Transceiver circuitry 28 may include wireless local area network transceiver circuitry that handles WLAN communications bands (e.g., Wi-Fi® (IEEE 802.11) or other WLAN communications bands) such as a 2.4 GHZ WLAN band (e.g., from 2400 to 2480 MHZ), a 5 GHZ WLAN band (e.g., from 5180 to 5825 MHZ), a Wi-Fi® 6E band (e.g., from 5925-7125 MHZ), and/or other Wi-Fi® bands (e.g., from 1875-5160 MHZ), wireless personal area network transceiver circuitry that handles the 2.4 GHz Bluetooth® band or other WPAN communications bands, cellular telephone transceiver circuitry that handles cellular telephone bands (e.g., bands from about 600 MHz to about 5 GHZ, 3G bands, 4G LTE bands, 5G New Radio Frequency Range 1 (FR1) bands below 10 GHz, 5G New Radio Frequency Range 2 (FR2) bands between 20 and 60 GHz, etc.), near-field communications (NFC) transceiver circuitry that handles near-field communications bands (e.g., at 13.56 MHz), satellite navigation receiver circuitry that handles satellite navigation bands (e.g., a GPS band from 1565 to 1610 MHz, a Global Navigation Satellite System (GLONASS) band, a BeiDou Navigation Satellite System (BDS) band, etc.), ultra-wideband (UWB) transceiver circuitry that handles communications using the IEEE 802.15.4 protocol and/or other ultra-wideband communications protocols, and/or any other desired radio-frequency transceiver circuitry for covering any other desired communications bands of interest.
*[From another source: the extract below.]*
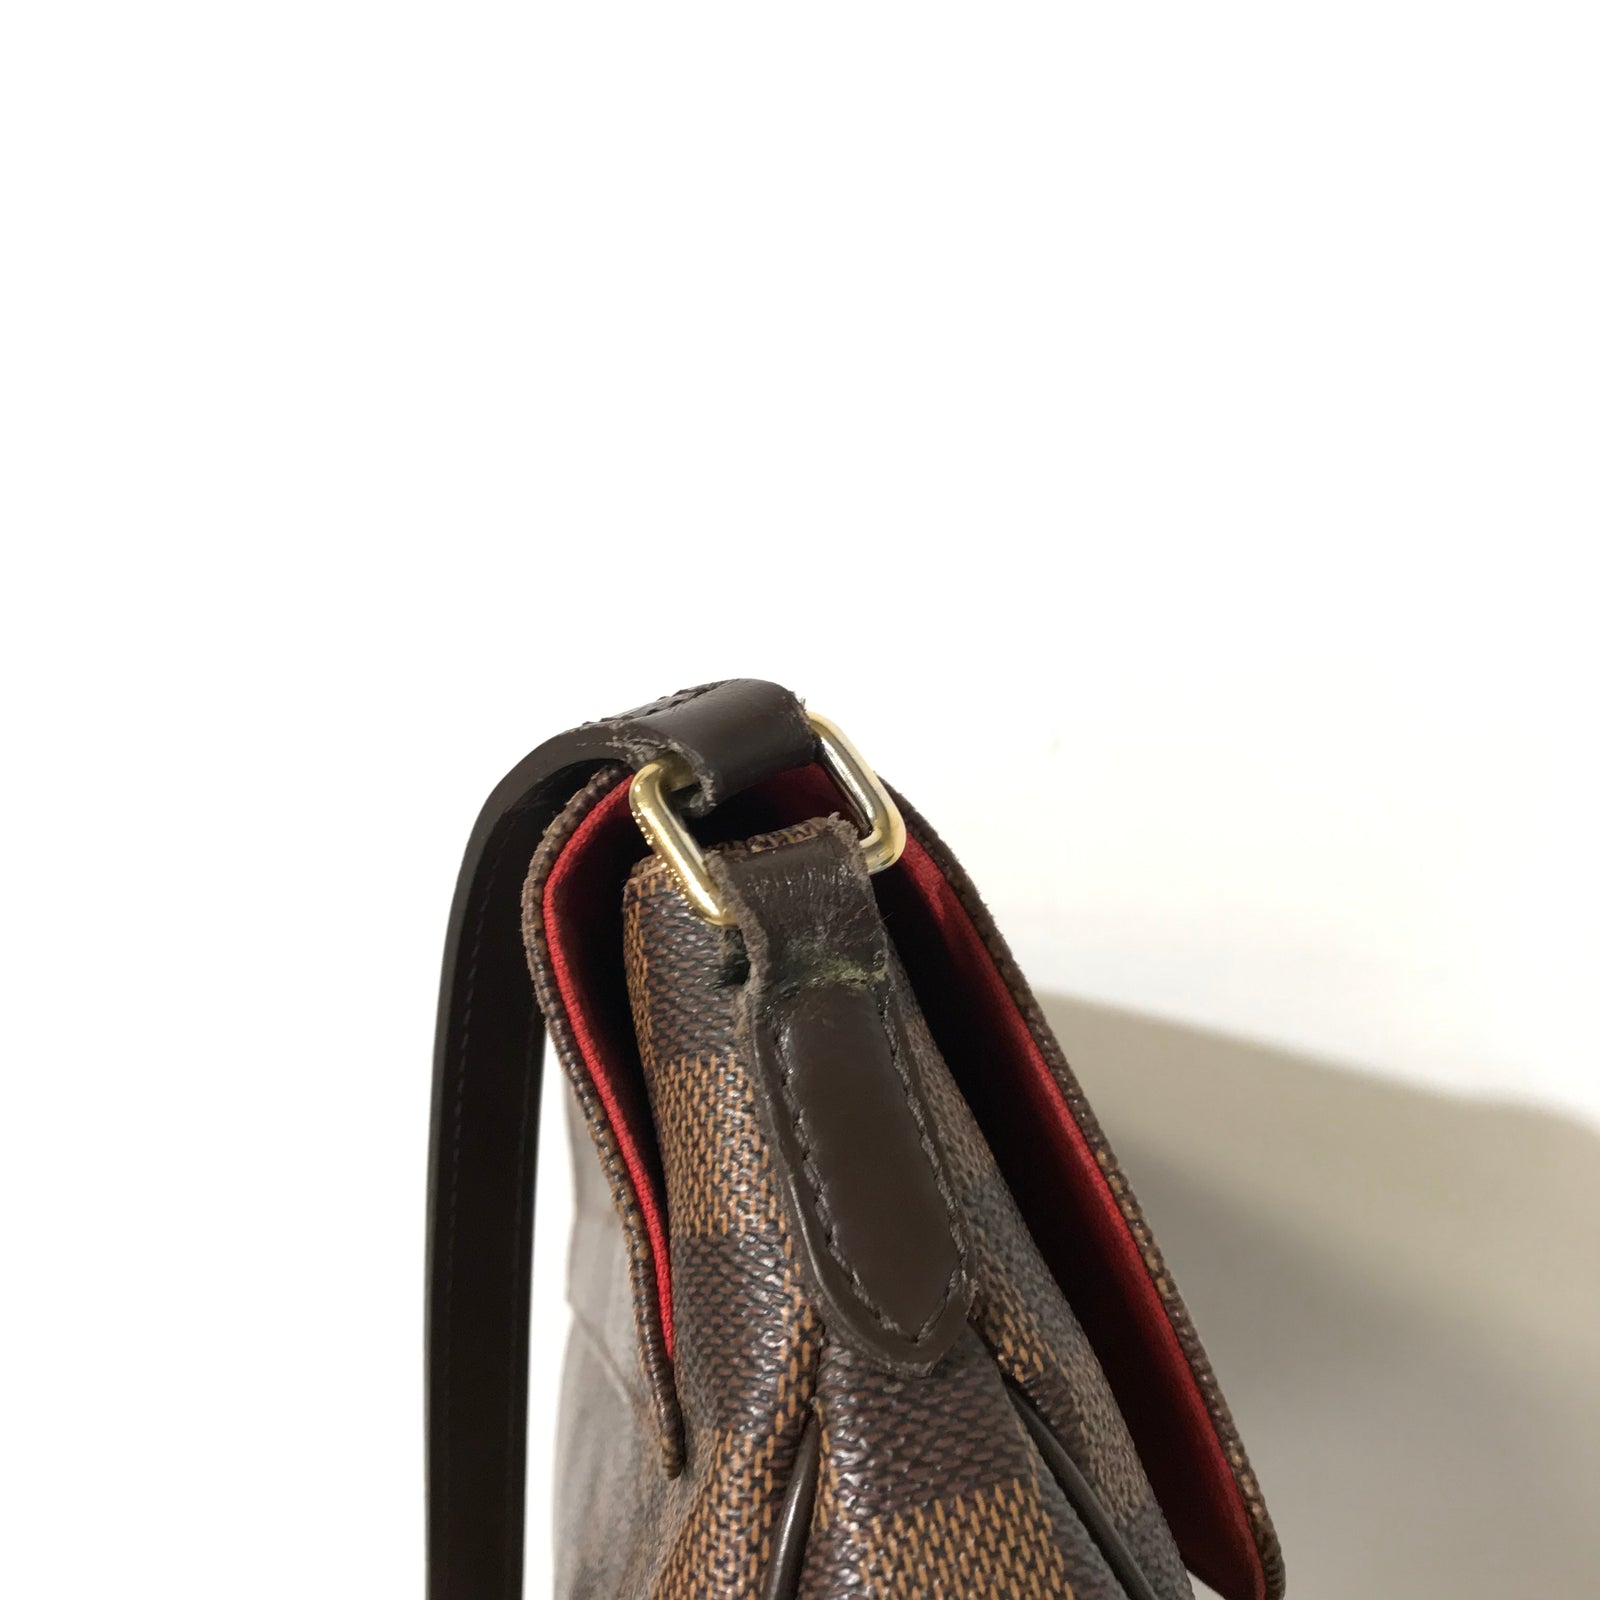 Louis Vuitton Besace Rosebery Bag - Brown Shoulder Bags, Handbags

Wireless circuitry 24 may include one or more antennas such as antenna 42. Antenna 42 may be formed using any desired antenna structures. For example, antenna 42 may be an antenna with a resonating element that is formed from loop antenna structures, patch antenna structures, inverted-F antenna structures, slot antenna structures, planar inverted-F antenna structures, helical antenna structures, monopole antennas, dipoles, hybrids of these designs, etc. Two or more antennas 42 may be arranged into one or more phased antenna arrays (e.g., for conveying radio-frequency signals at millimeter wave frequencies). Parasitic elements may be included in antenna 42 to adjust antenna performance. Antenna 42 may be provided with a conductive cavity that backs the antenna resonating element of antenna 42 (e.g., antenna 42 may be a cavity-backed antenna such as a cavity-backed slot antenna).
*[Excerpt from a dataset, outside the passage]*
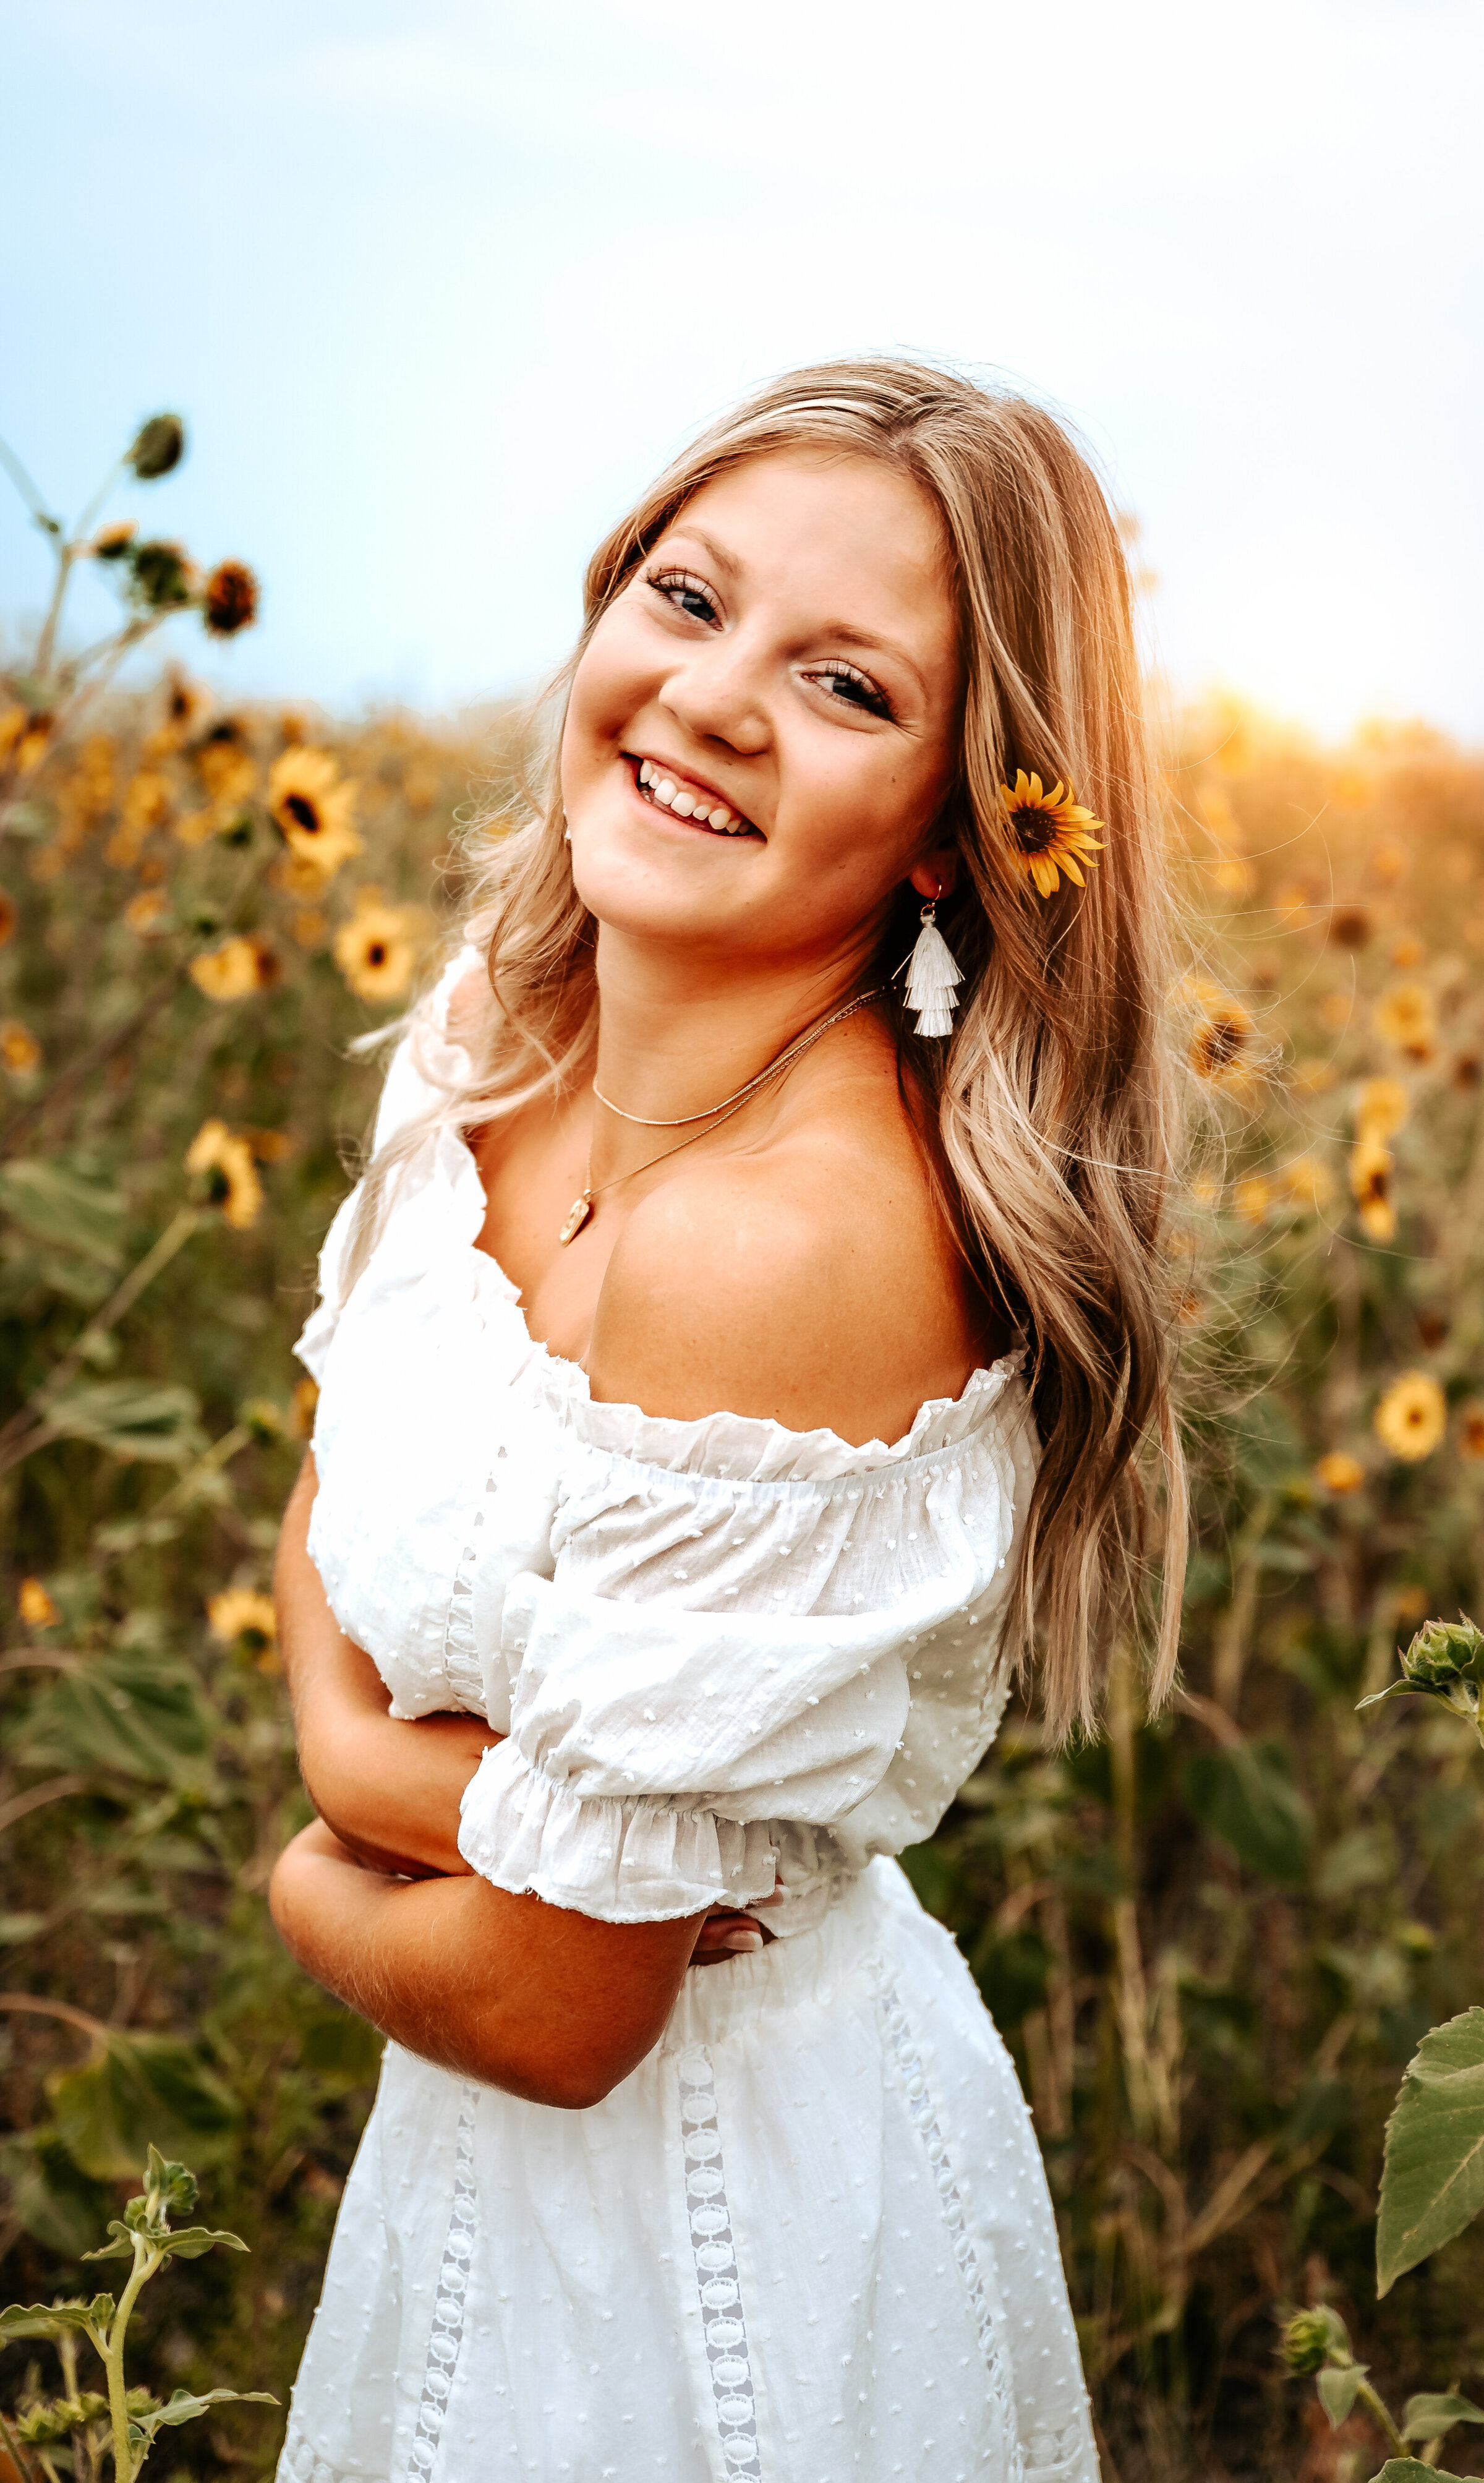 Senior girl wearing white dress has sunflower behind her ear

FIG. 3 is a diagram of an illustrative tunable matching network coupled at an output port of a radio-frequency amplifier such as amplifier 60. Amplifier 60 can represent a radio-frequency transmitting amplifier (e.g., power amplifier 50 in FIG. 2) or can represent a radio-frequency receiving amplifier (e.g., low noise amplifier 52 in FIG. 2). As shown in FIG. 3, a matching network such as tunable matching network 70 can be coupled at the output of amplifier 60. Tunable matching network 70 may include a first tuning circuit such as first tuning stage 64, a second tuning circuit such as second tuning stage 68, first switches 62 coupled between the output of amplifier 60 and first tuning stage 64, and second switches 66 coupled between first tuning stage 64 and second tuning stage 68. The first switches 62 are sometimes referred to collectively as a first plurality of switches. The second switches 66 are sometimes referred to collectively as a second plurality of switches.
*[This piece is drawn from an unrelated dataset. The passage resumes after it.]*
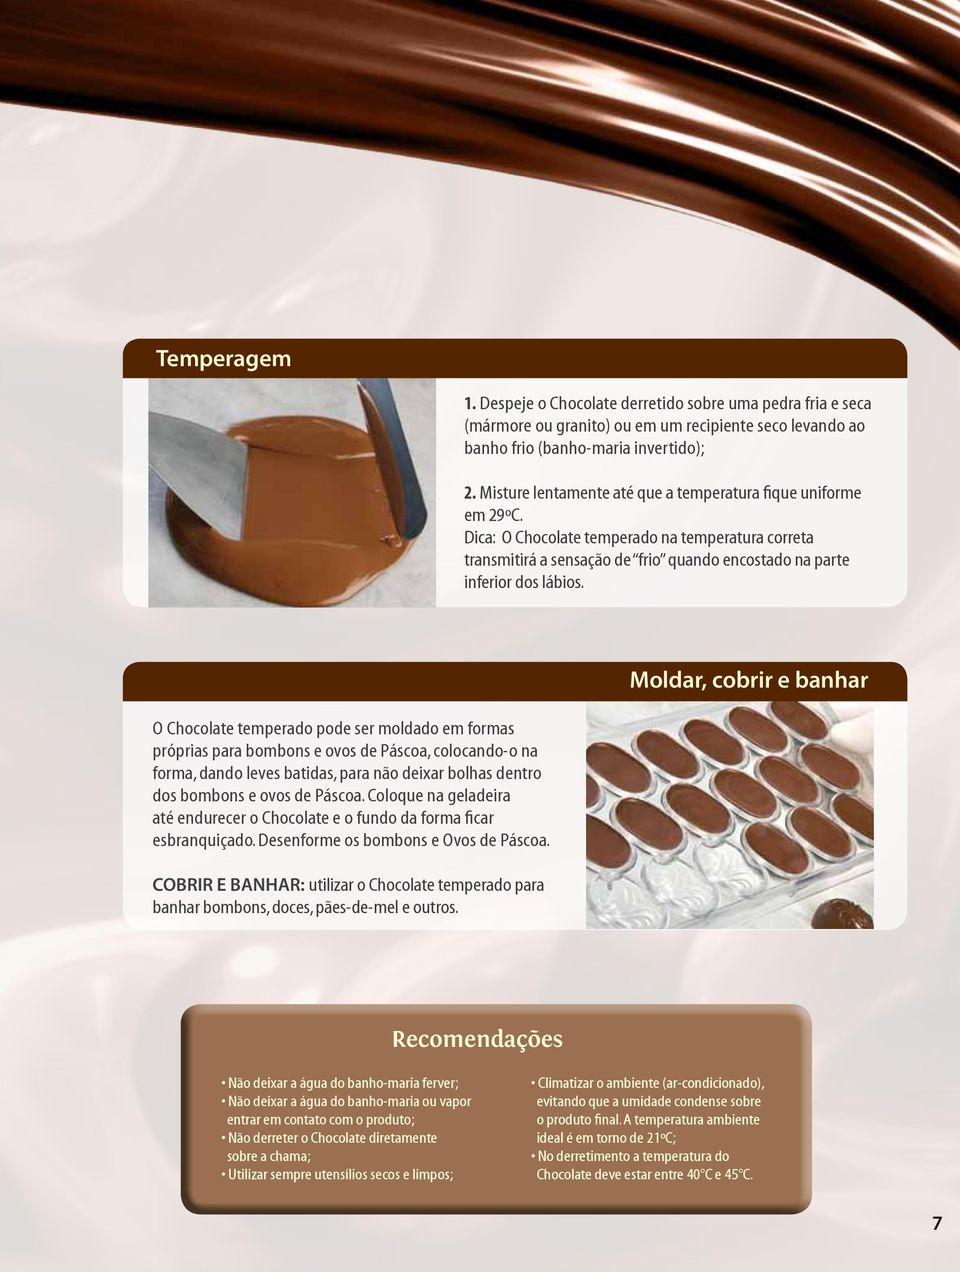 O Chocolate temperado pode ser moldado em formas próprias para bombons e ovos de Páscoa, colocando-o na forma, dando leves batidas, para não deixar bolhas dentro dos bombons e ovos de Páscoa.

The first tuning stage 64 can, for example, include one or more series inductors. The second tuning stage 68 can, for example, include one or more inductors forming a transformer or a balun. The second tuning stage 68 may be coupled to a radio-frequency output port RFout. This example in which the first and second tuning stages 64 and 68 are inductance based is illustrative. In other suitable embodiments, first tuning stage 64 can include one or more inductors, one or more capacitors, one or more resistors, and/or other electrical components that can be switched in and out of use to provide impedance matching. Similarly, second tuning stage 68 can include one or more inductors, one or more capacitors, one or more resistors, and/or other electrical components that can be switched in and out of use to provide impedance matching. Configured in this way, switches 62 and 66 can be selectively activated and deactivated so that matching network 70 can be tuned to provide proper impedance matching to ensure optimal power efficiency across multiple frequency bands.

FIG. 4 is a circuit diagram showing an implementation of tunable matching network 70 of the type shown in FIG. 3 and is operable in at least five different frequency modes. As shown in FIG. 4, amplifier 60 may be a differential amplifier having a first output terminal Ampout1 and a second output terminal Ampout2. The first switches 62 can include one or more switches such as switches 100, 102, 104, and 106. The first tuning stage 64 can include one or more inductors such as series inductors 110, 112, 114, and 116. A tuning stage that includes inductors is sometimes referred to as an inductive tuning stage. The second switches can include one or more switches such as switches 120, 122, 124, 126, 128, and 130. The second tuning stage 68 can be implemented as a balun (sometimes referred to as a transformer) with additional switches 150 and 152.

Series inductor 110 may have a first terminal coupled to the first amplifier output terminal Ampout1 and may have a second terminal coupled to node 80. Series inductor 112 may have a first terminal coupled to the second amplifier output terminal Ampout2 and may have a second terminal coupled to node 82. Series inductor 114 may have a first terminal coupled to a first portion of switches 62 and a second terminal coupled to a first portion of switches 66. Series inductor 116 may have a first terminal coupled to a second portion of switches 62 and a second terminal coupled to a second portion of switches 66. In particular, switch 100 may be coupled between Ampout1 and the first terminal of inductor 114. Switch 102 may be coupled between Ampout2 and the first terminal of inductor 116. Switch 104 may be coupled between Ampout2 and the first terminal of inductor 114. Switch 106 may be coupled between Ampout1 and the first terminal of inductor 116.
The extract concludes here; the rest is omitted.